Dalam kesusastraan Indonesia, kita lihat misalnya karangan Maria Amin Tinjaulah Dunia Sana. Tokohnya ikan-ikannya dalam akuarium. Gerak-gerik dan sifat-sifat ikan itu dilukiskannya sebagai lukisan manusia yang beraneka ragam sifatnya. Aliran simbolik sejalan dengan surealisme, yakni bahwa ala mini hanyalah sebagai batu loncatan untuk menyatakan pengertian yang lebih tentang manusia yang hidup.
Aliran ini mengutamakan penguraian psiko (jiwa).
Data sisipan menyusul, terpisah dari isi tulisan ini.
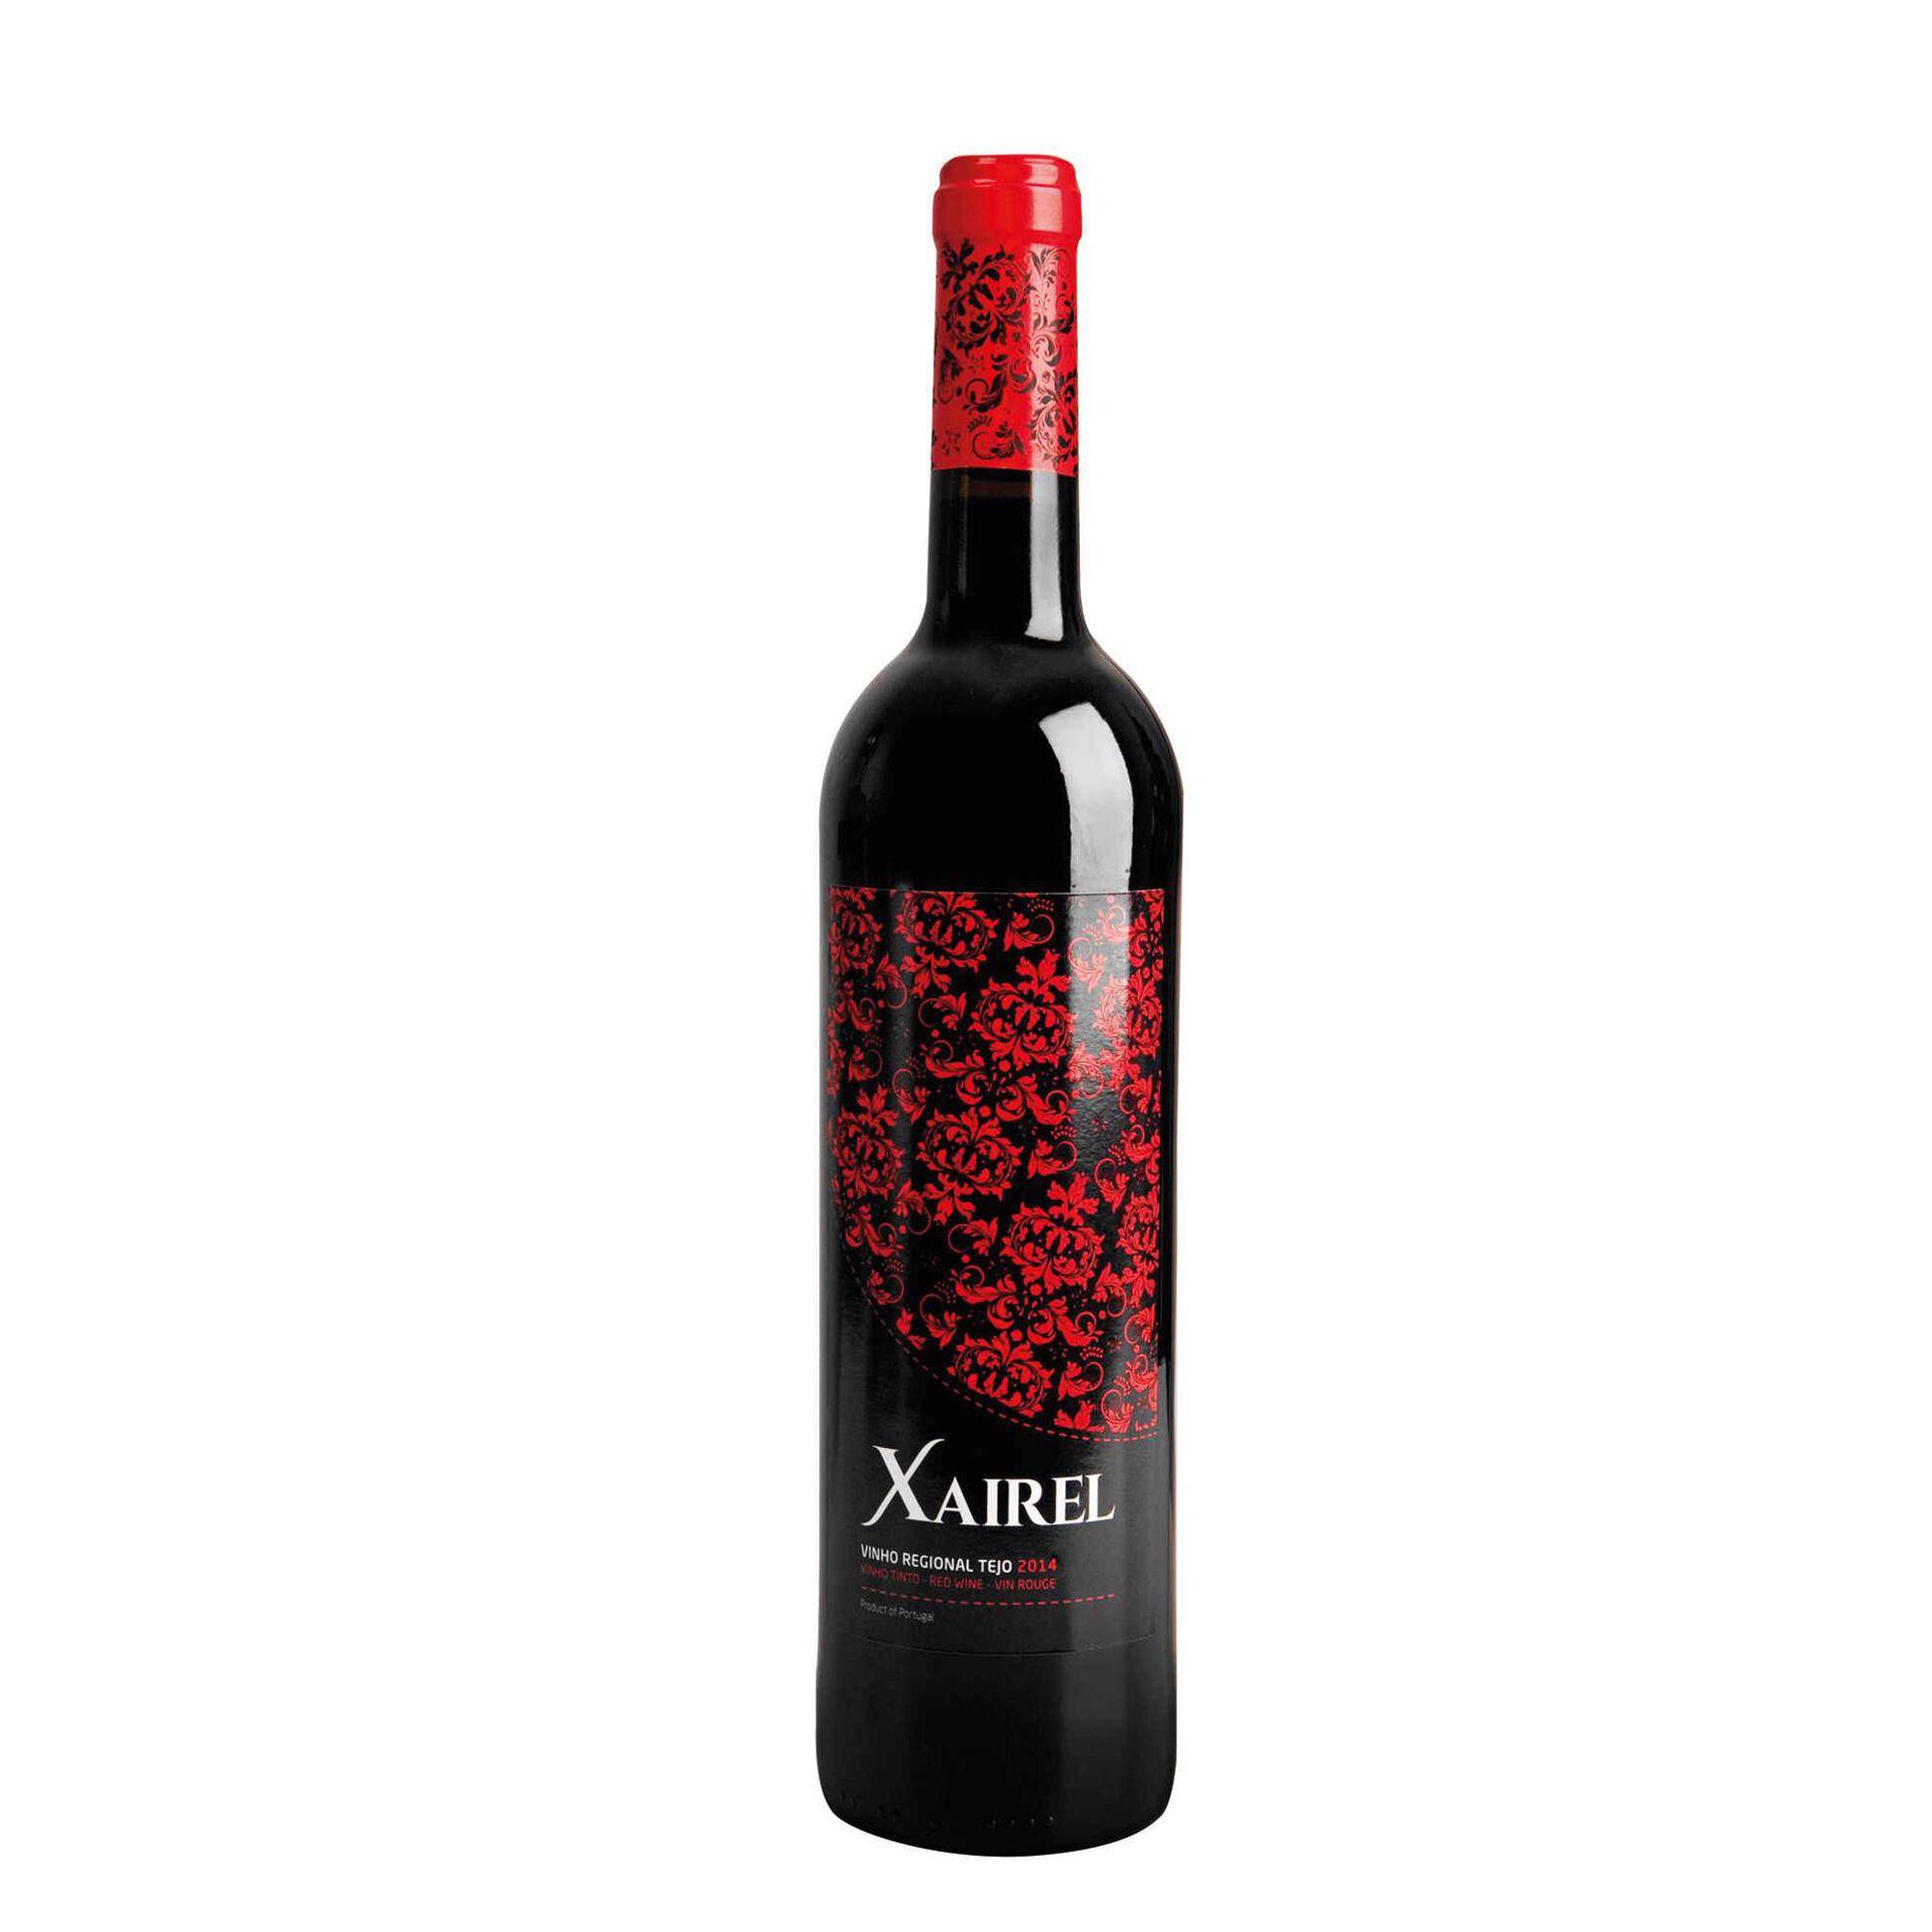 Xairel Regional Tejo Vinho Tinto

Itu sebabnya pengarang harus mempunyai pengetahuan tentang dasar-dasar jiwa manusia berdasarkan teori-teori para ahli ilmu jiwa umpamanya Freud dan Kunkel, mengetahui teeori serta mendalami jiwa manusia seperti tokoh cerita yang akan ditampilkannya. Harus tahu bagaimana jiwa orang Islam, Kristen, Budha, Hindu, sehubungan dengan agama anutan masing-masing. Harus tahu bagaimana jiwa manusia yang berpaham Marxisme, anarchisme, dan sebagainya. Dengan tak memiliki pengetahuan tersebut, sukarlah bagi pengarang melukiskan jiwa tokoh-tokoh ceritanya setepat mungkin. Contoh kaangan yang beraliran psikologisme dalam kesusastraan kita adalah Atheis karya Achdiat Kartamihardja dan Jalan tak Ada ujung karya Mochtar Lubis.